= Passive electioneering =

Wearing campaign items or carrying signs

Passive electioneering is the act of wearing campaign paraphernalia or carrying signs to a polling place with the intent of influencing voters. Across the United States laws vary relating to passive electioneering. In the fall of 2008, officials in Virginia moved to ban the wearing of campaign paraphernalia. New York has a similar law in place.

In 2008, internet political organizers were cautioning voters not to wear campaign T-shirts at the polls.

At least seven states, Maine, Montana, New Jersey, New York, Vermont, Virginia, and Kansas prohibit wearing campaign buttons, stickers and badges inside polling places. Efforts to enforce a similar ban are headed to court in Pennsylvania. The American Civil Liberties Union argued that the ban violates the First Amendment's right to free speech.

==United States==

=== New York ===

The State of New York has a rarely enforced law that prohibits wearing campaign buttons or T-shirt at a polling place. In the fall of 2008, New York State Board of Elections Spokesman Bob Brehm stated that voters at the polls who wear a campaign button or T-shirt will be asked to remove the item.

=== Virginia ===

The Virginia State Board of Elections voted on Tuesday October 14, 2008, to ban clothing and hats as well as buttons and other paraphernalia that directly advocate the election or defeat of a specific candidate or issue.

== Canada ==

While Canadian electoral law allows representatives of the political parties to be present in polling stations, nobody present at the polling station is permitted to wear or carry anything identifying themselves as a member of a political party or supporter or opponent of any political cause . This includes voters . Partisan officials are also not permitted to campaign immediately in front of a polling station, nor may anyone bring any campaign literature into the station .

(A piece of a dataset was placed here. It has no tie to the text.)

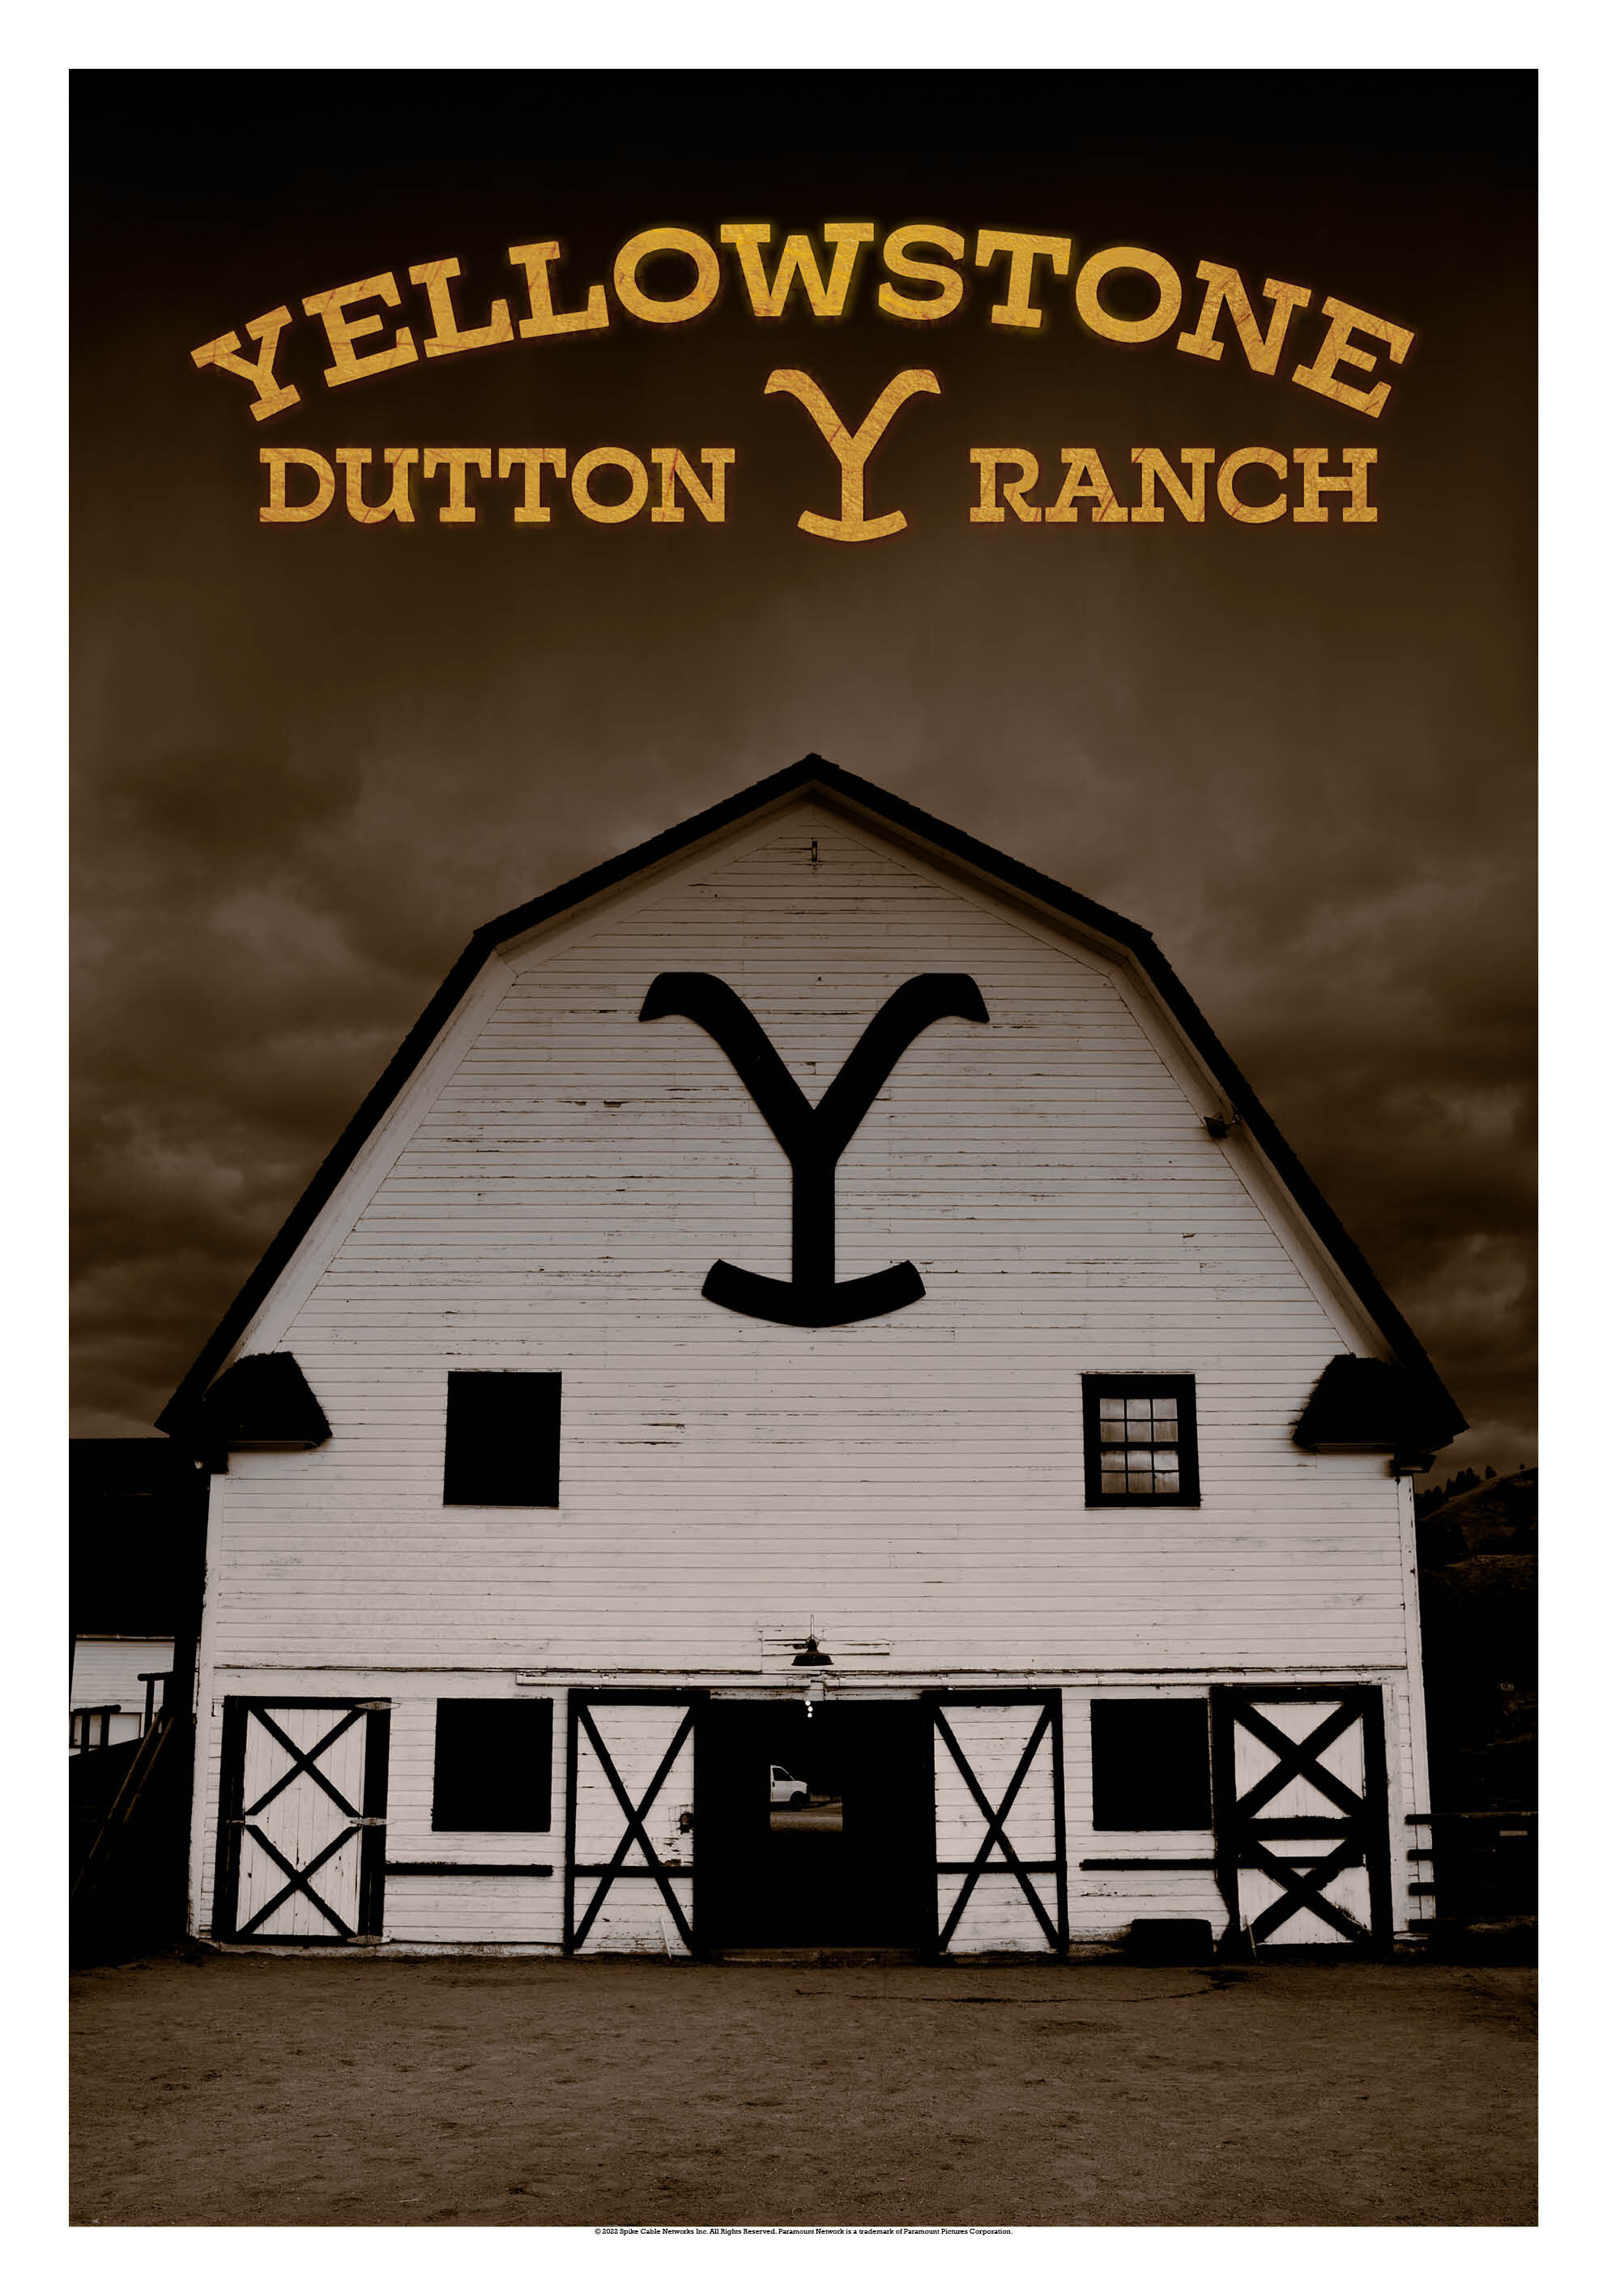 Yellowstone - Dutton Ranch Barn Poster
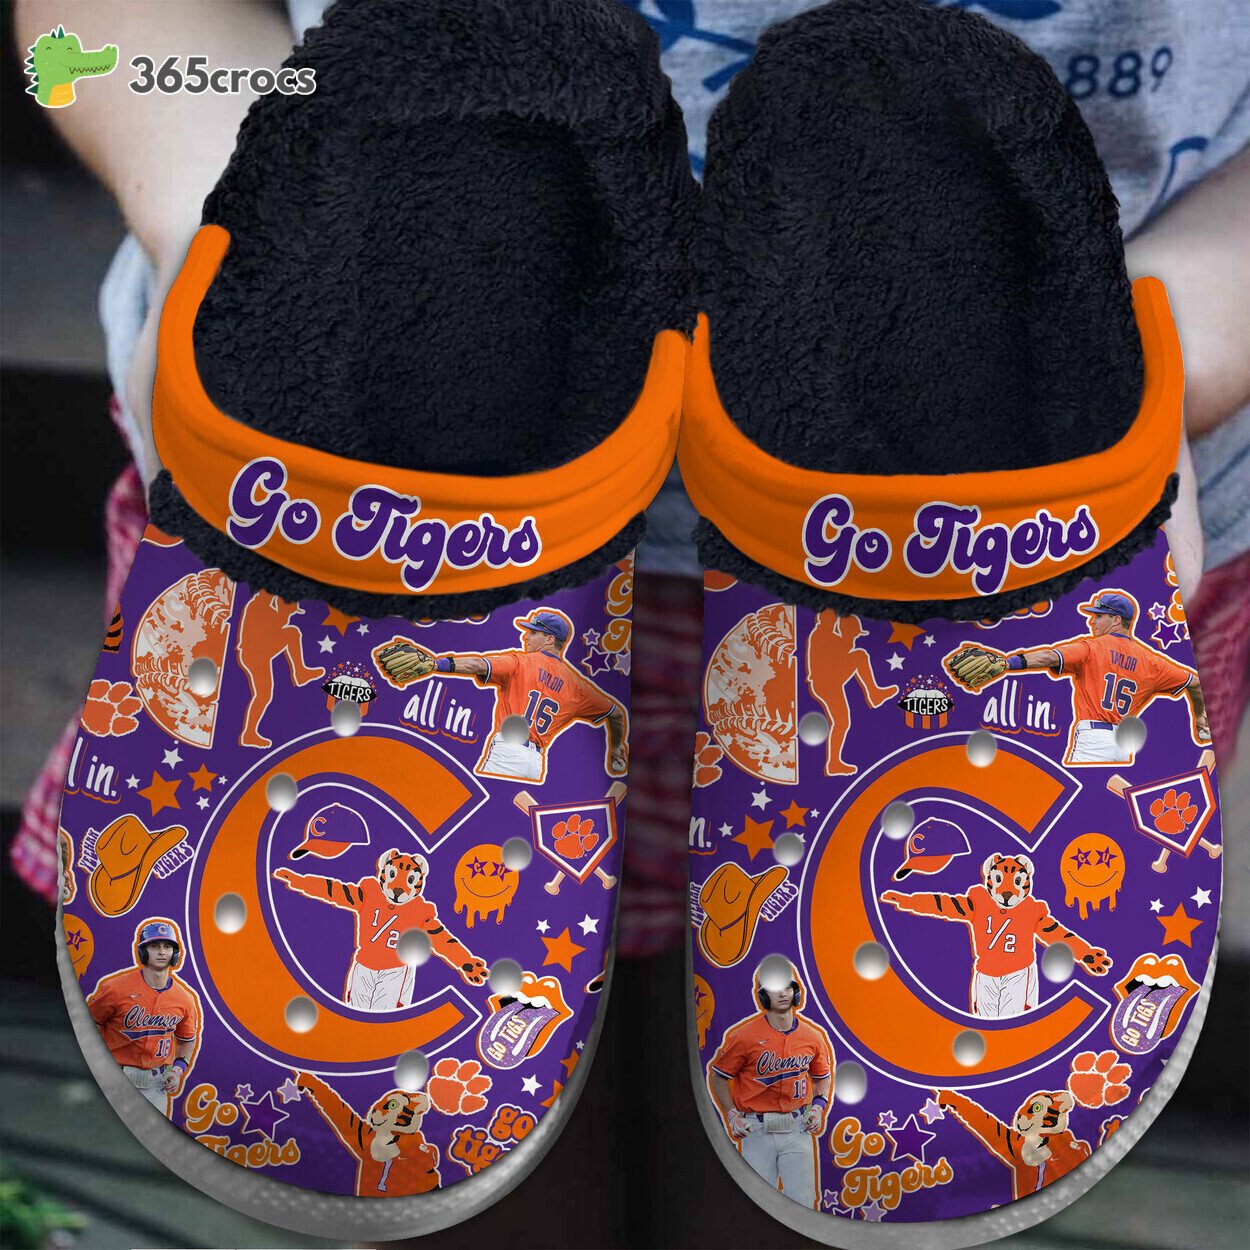 Clemson Tigers NCAA Premium Sport Comfortable Fur Lined Crocss Shoes

The equipment used by polling staff has to meet strict colour criteria. Staff may be refused work if their clothing is of a "partisan colour"

==United Kingdom==
Wearing an explicitly party political item or bringing any political material into a polling station can be classed as an attempt to intimidate voters. Clothing that is political but does not support or attack a party (for example, a Che Guevara t-shirt) may still be allowed.